| Available data |
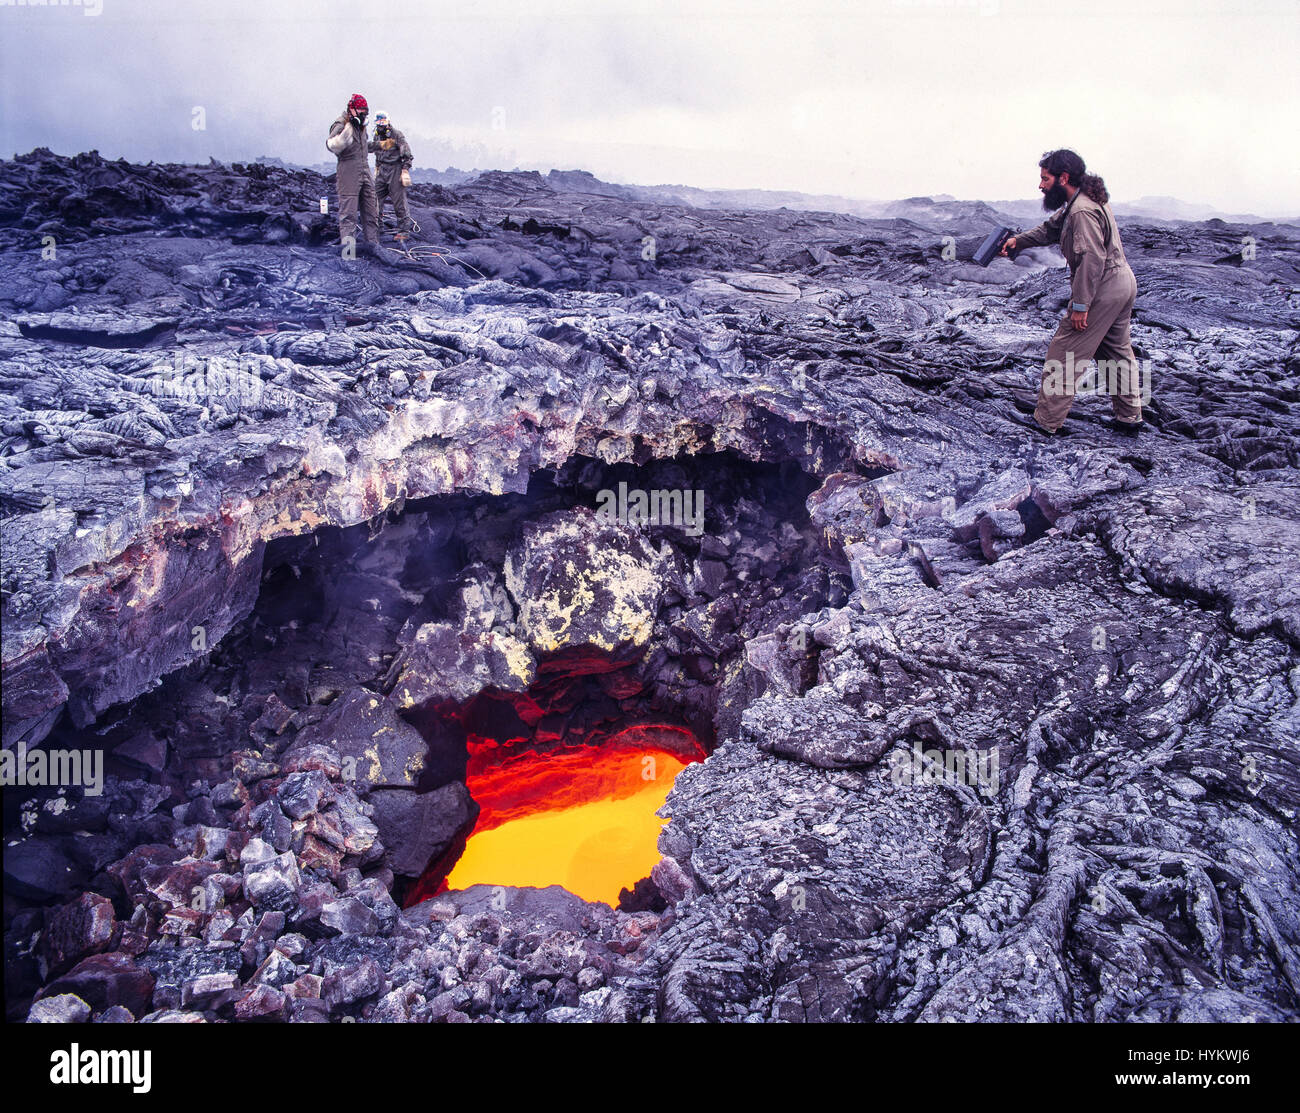 Esclusiva di Big Island delle Hawaii,: gli scienziati si prepara ad  affrontare il campione di lava dal fiume di lava entro il tubo di lava.  Scienziato sulla destra la misurazione della velocità
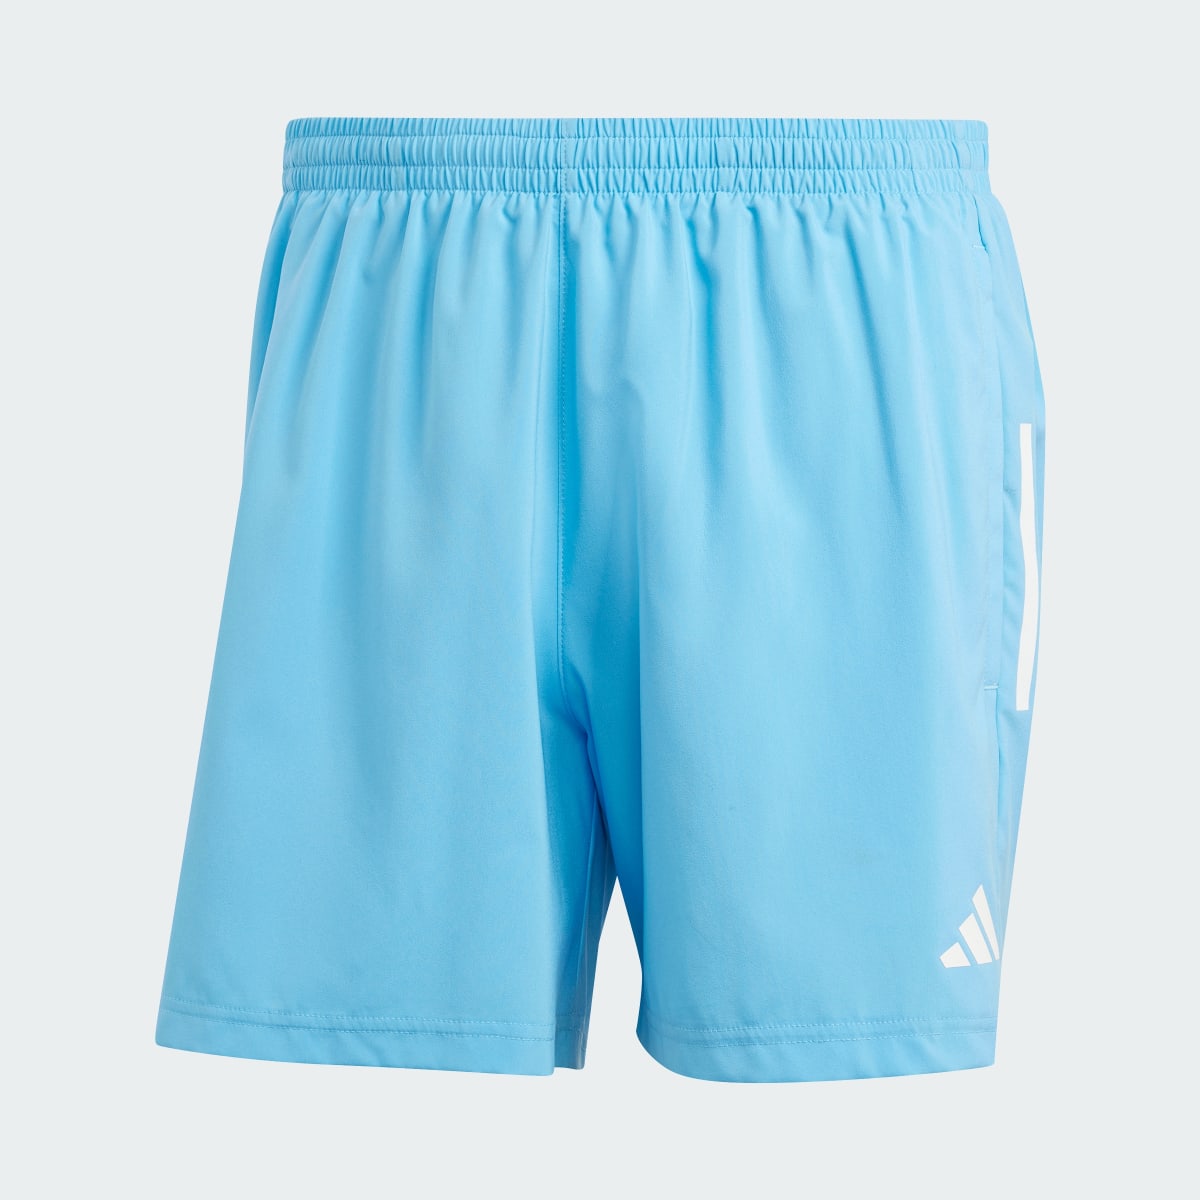 Adidas Own The Run Shorts. 4
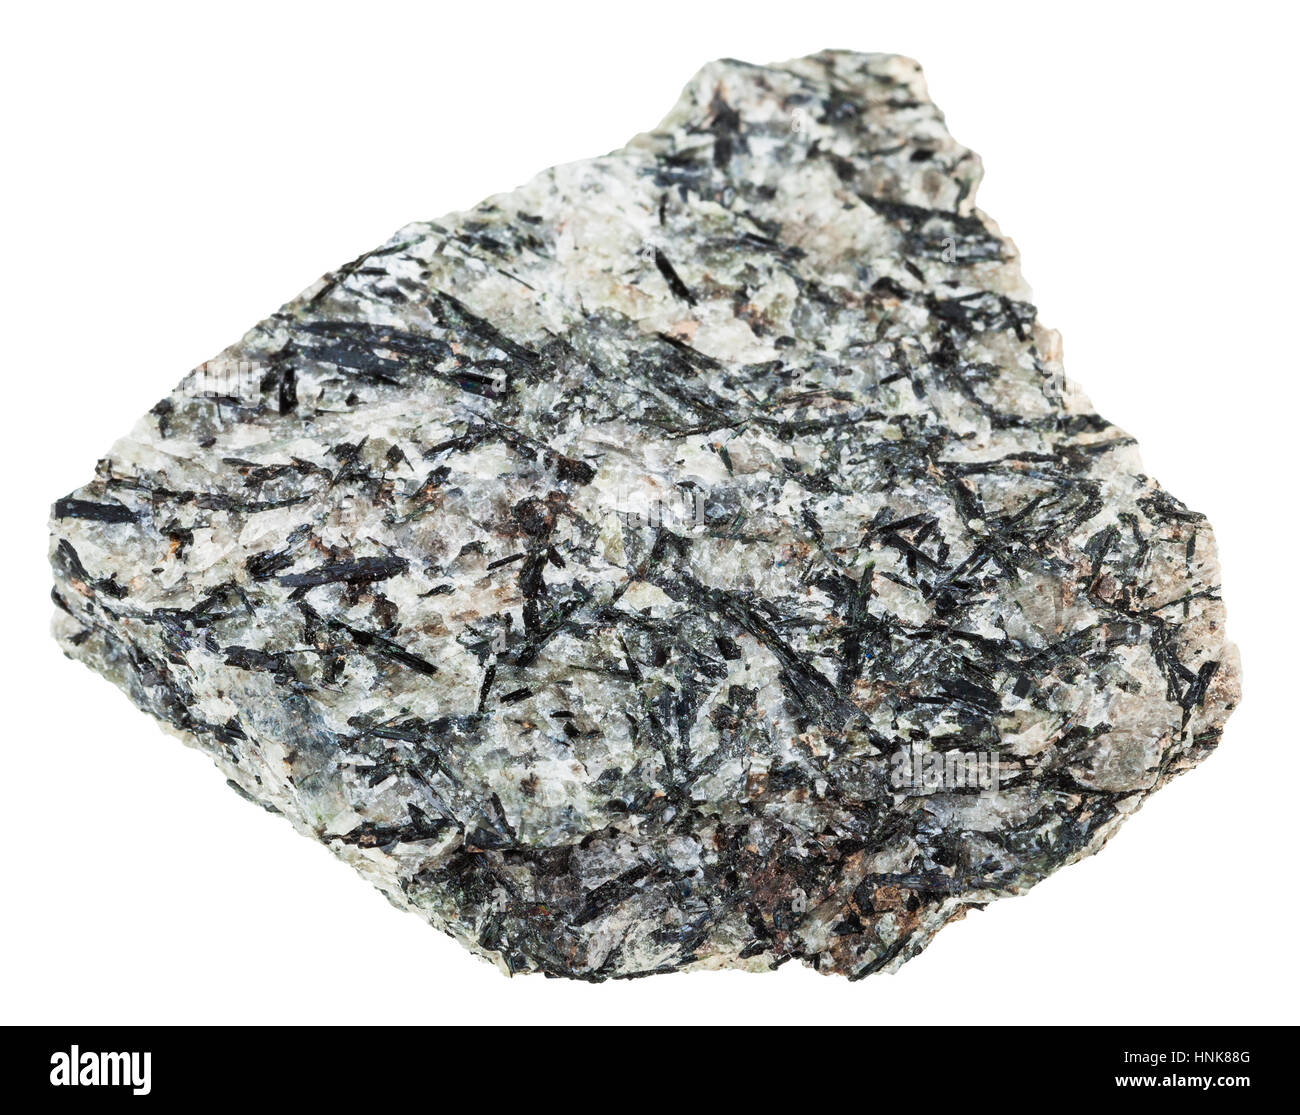 Makro-Aufnahmen der geologischen Sammlung Mineral - Exemplar von Lujaurite (Lujavrite, Nepheline Syenit) Stein isoliert auf weißem Hintergrund Stockfoto

| Work request |
Pictures stay out; reproduce exactly the lines from the one containing "Adidas Own The Run Shorts. 4" through the end of the data.

| Response area |
 Adidas Own The Run Shorts. 4
 Makro-Aufnahmen der geologischen Sammlung Mineral - Exemplar von Lujaurite (Lujavrite, Nepheline Syenit) Stein isoliert auf weißem Hintergrund Stockfoto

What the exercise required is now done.